I have the following log file line entry:
Tue Apr 05 16:31:39 2016 1 10.102.180.12 37088 d:\directory\Excel filename with a space.xsls a s i r Rest of the log line.
Where the section highlighted can be any of the following combinations of transfer type/security:
a s
a n
b s
b n
essentially the first character represents 'transfer type' (ascii or binary) and the second transfer security (secure, non-secure).
I've been trying to use GROK to obtain the filename/path prior to any of the combinations above, and then continue to parse the rest of the line. Unfortunately the filename can include spaces, and also potentially the "a" character -
as shown in the example above.
I'm struggling to format a regex to use the combinations of transfer type/security to allow me to find the end of the filename section in the log line and select it.

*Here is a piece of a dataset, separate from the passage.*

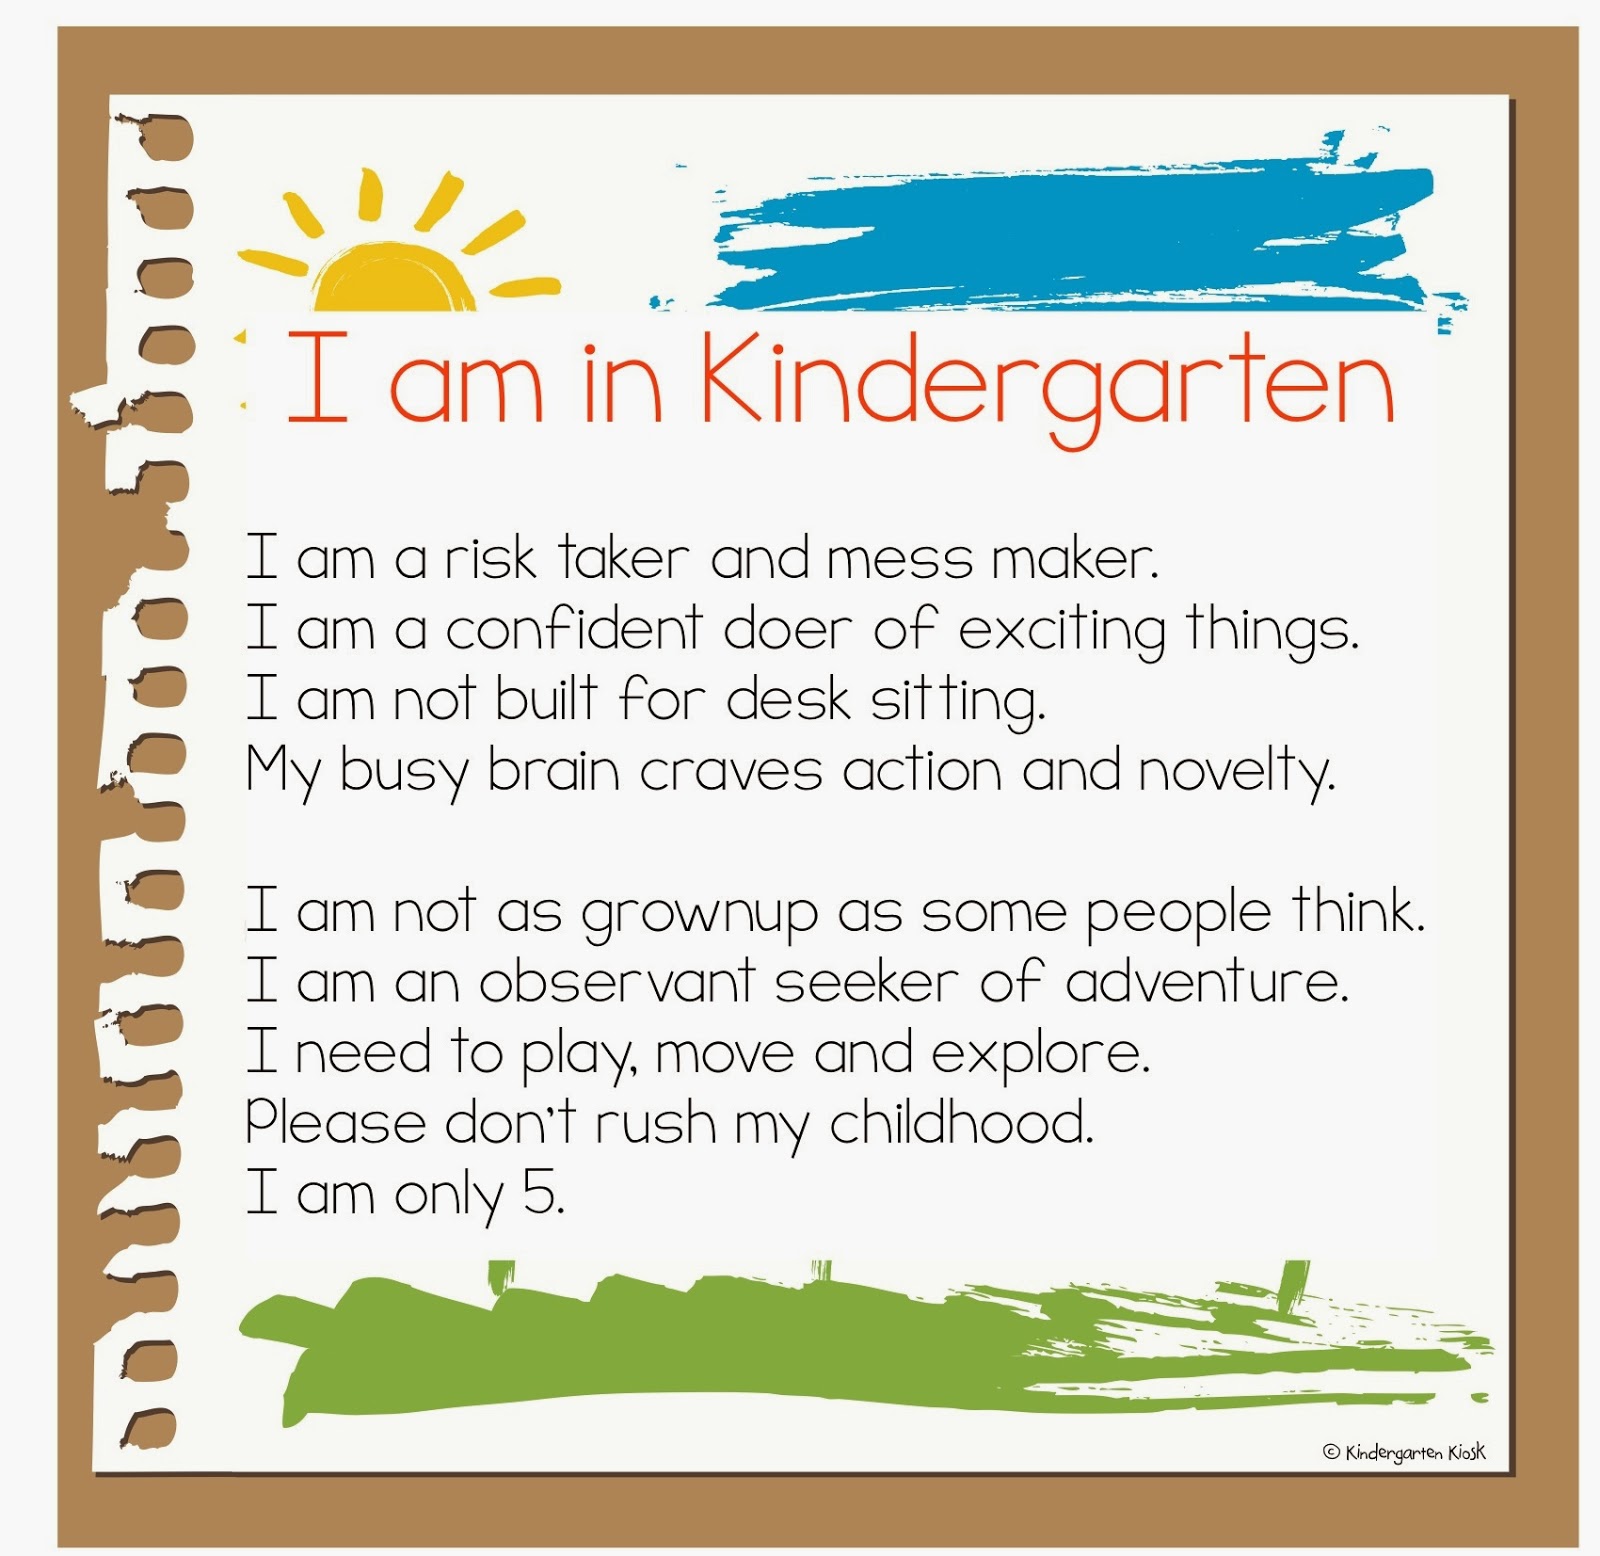 Kindergarten Kiosk: Justifying Kindergarten Play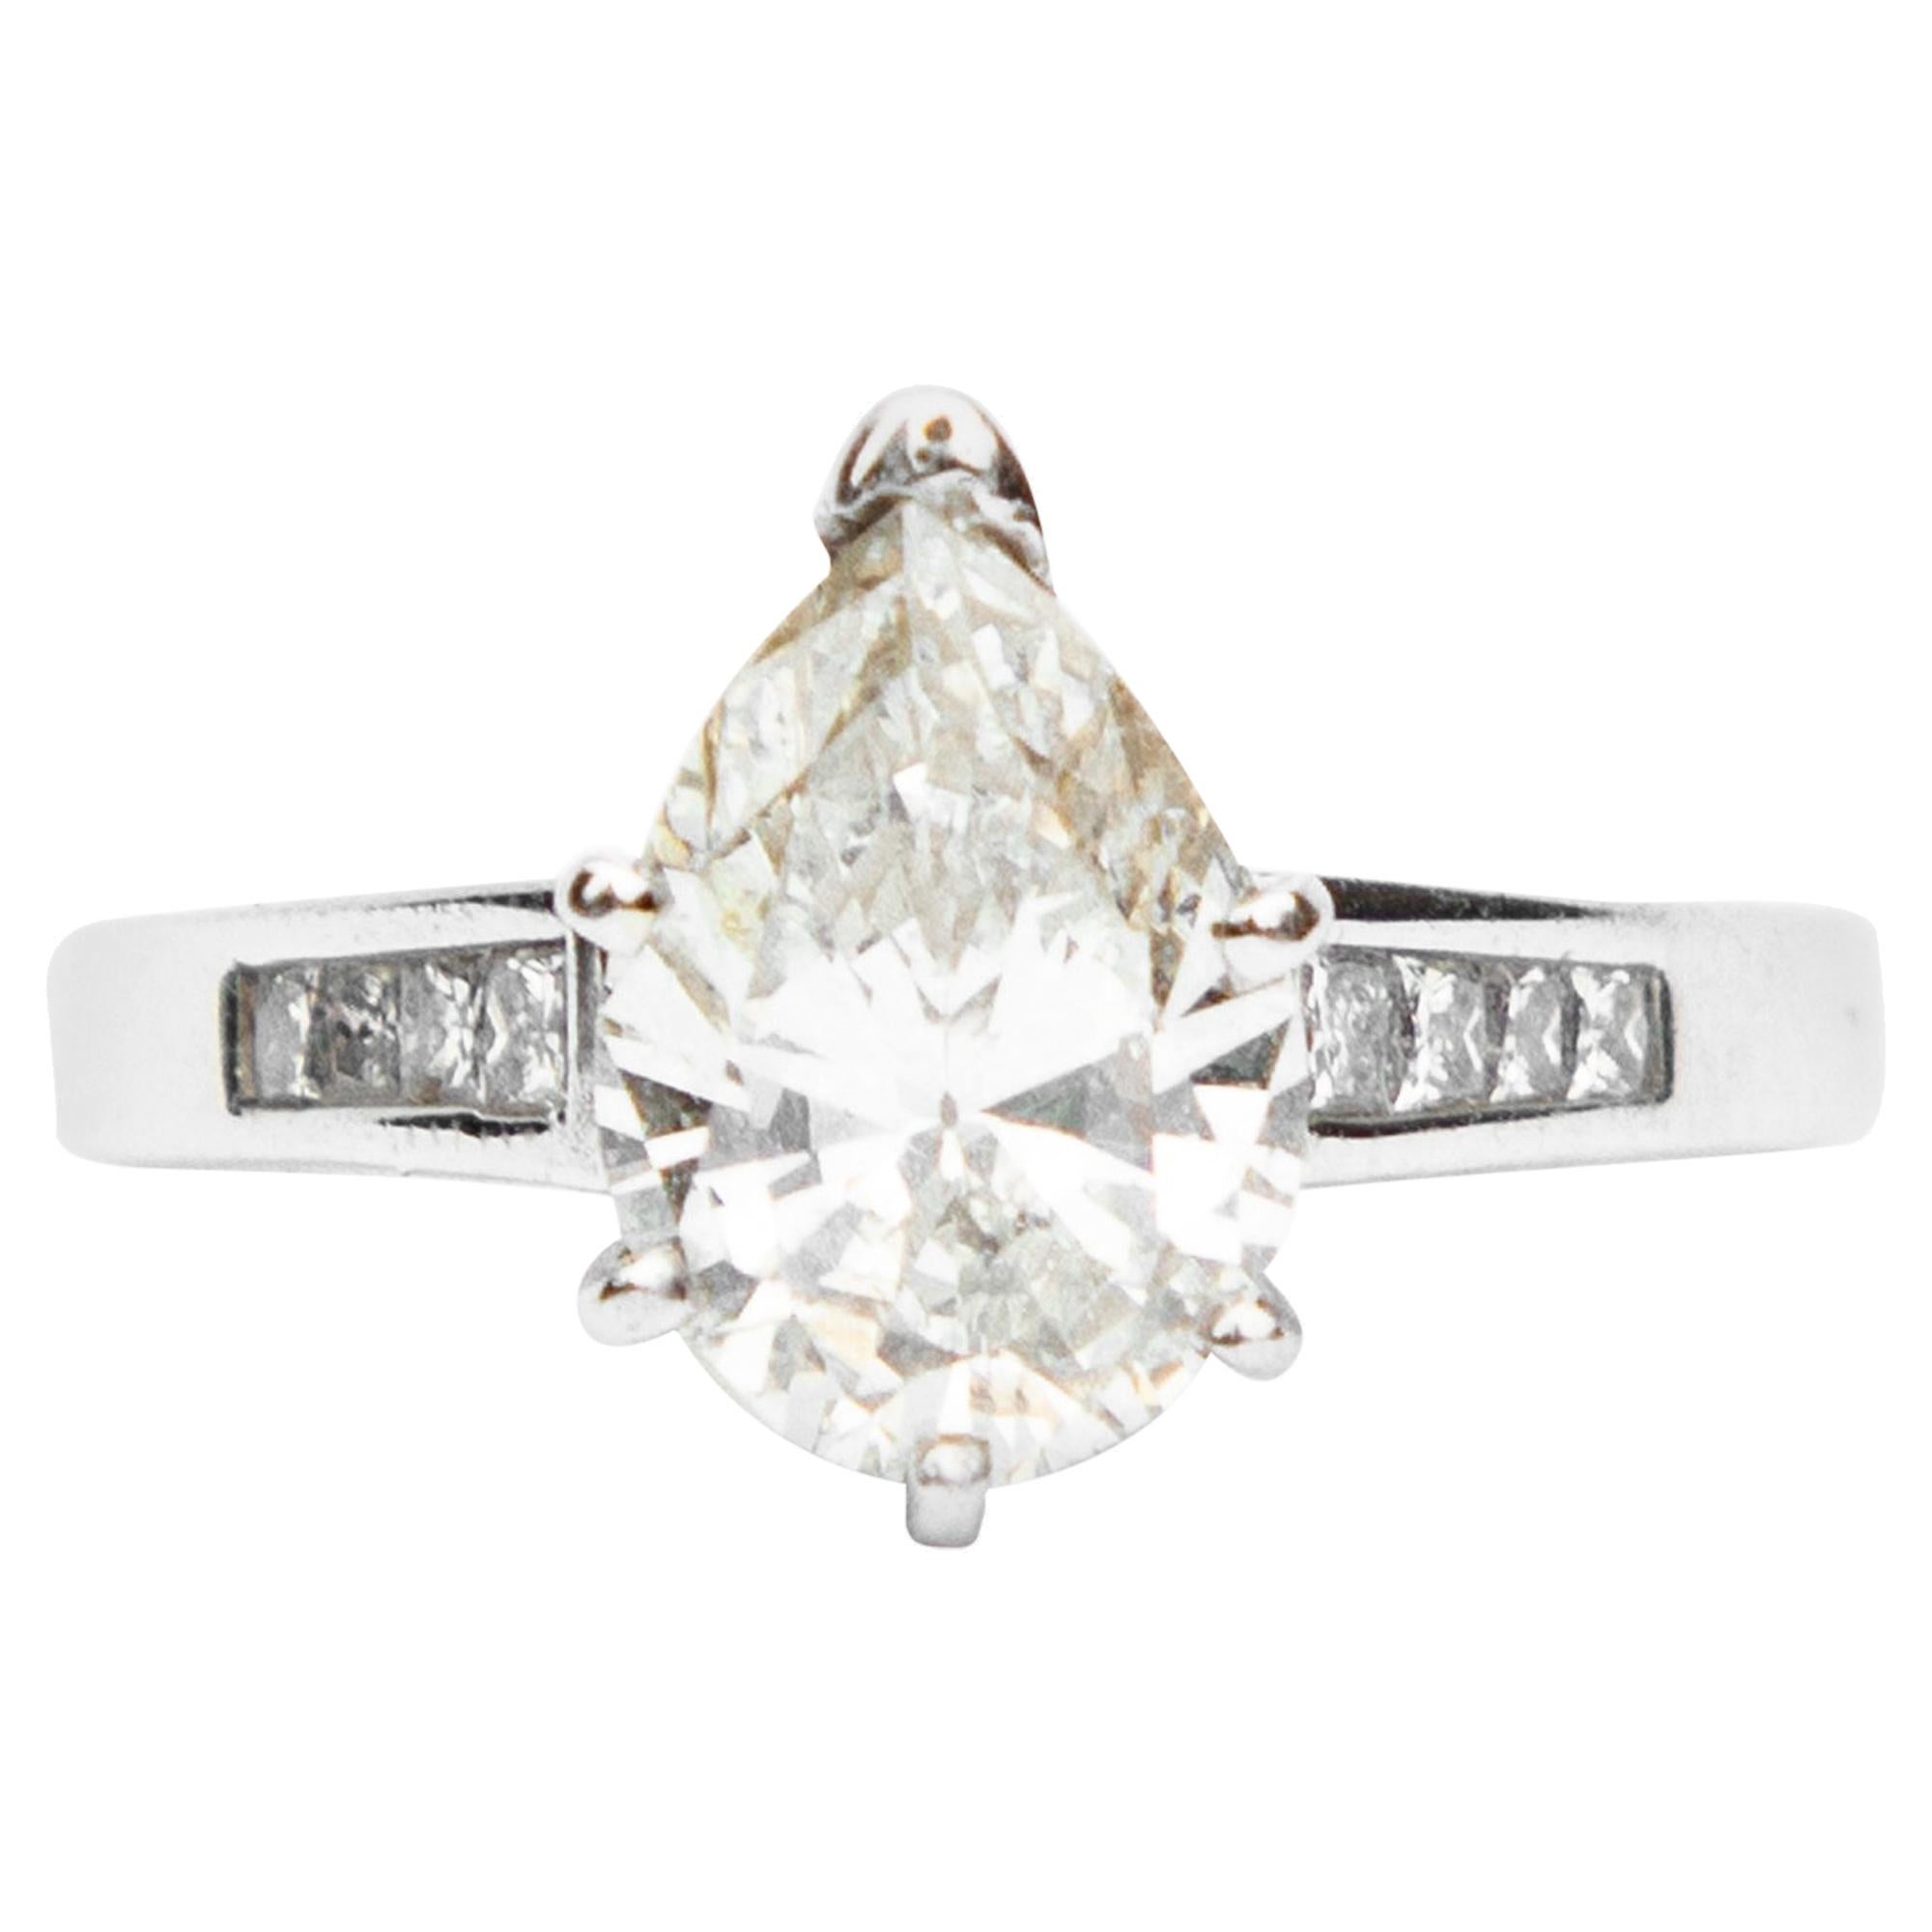 Art Deco Inspired Pear Cut White Gold Diamond Ring

Ideally I'd like something like this as the logstash expression:
%{TIMESTAMP:[@metadata][event_time]} %{NUMBER:transfer_mins} %{IP:remote_host} %{NUMBER:transferred_bytes} %{PATH:path} %{TRANSFER_MODE} %{TRANSFER_SECURITY} %{TRANSFER_STATUS} %{ACCESS MODE} %{GREEDYDATA:the_rest}
Using the following custom patterns:
TIMESTAMP (%{DAY}[\s/-]%{MONTH}[\s/-]%{MONTHDAY}[\s]%{TIME}[\s]%{YEAR})
TRANSFER_MODE ([a|b])
TRANSFER_SECURITY ([s|n])
TRANSFER_STATUS ([i|j|k|o|p|q])
ACCESS_MODE ([a|r])
But this gives me a GROK error (using http://grokdebug.herokuapp.com/) as I don't find a match for %{TRANSFER_MODE} and others.
If I use the following pattern it illustrates the problem with the %PATH capture:
%{TIMESTAMP:[@metadata][event_time]} %{NUMBER:transfer_mins} %{IP:remote_host} %{NUMBER:transferred_bytes} %{PATH:path} %{GREEDYDATA:the_rest}
This finds the following:
{
"[": [
[
"Tue Apr 05 16:31:39 2016"
]
],
"transfer_mins": [
[
"1"
]
],
"remote_host": [
[
"10.102.180.12"
]
],
"transferred_bytes": [
[
"37088"
]
],
"path": [
[
"d:\directory\Excel filename with a space.xsls a s i r Rest of the"
]
],
"the_rest": [
[
"log"
]
]
}
and you can see that the path capture is too greedy.
If any masters-of-grok out there could advise that would me much appreciated
Cheers,
Steve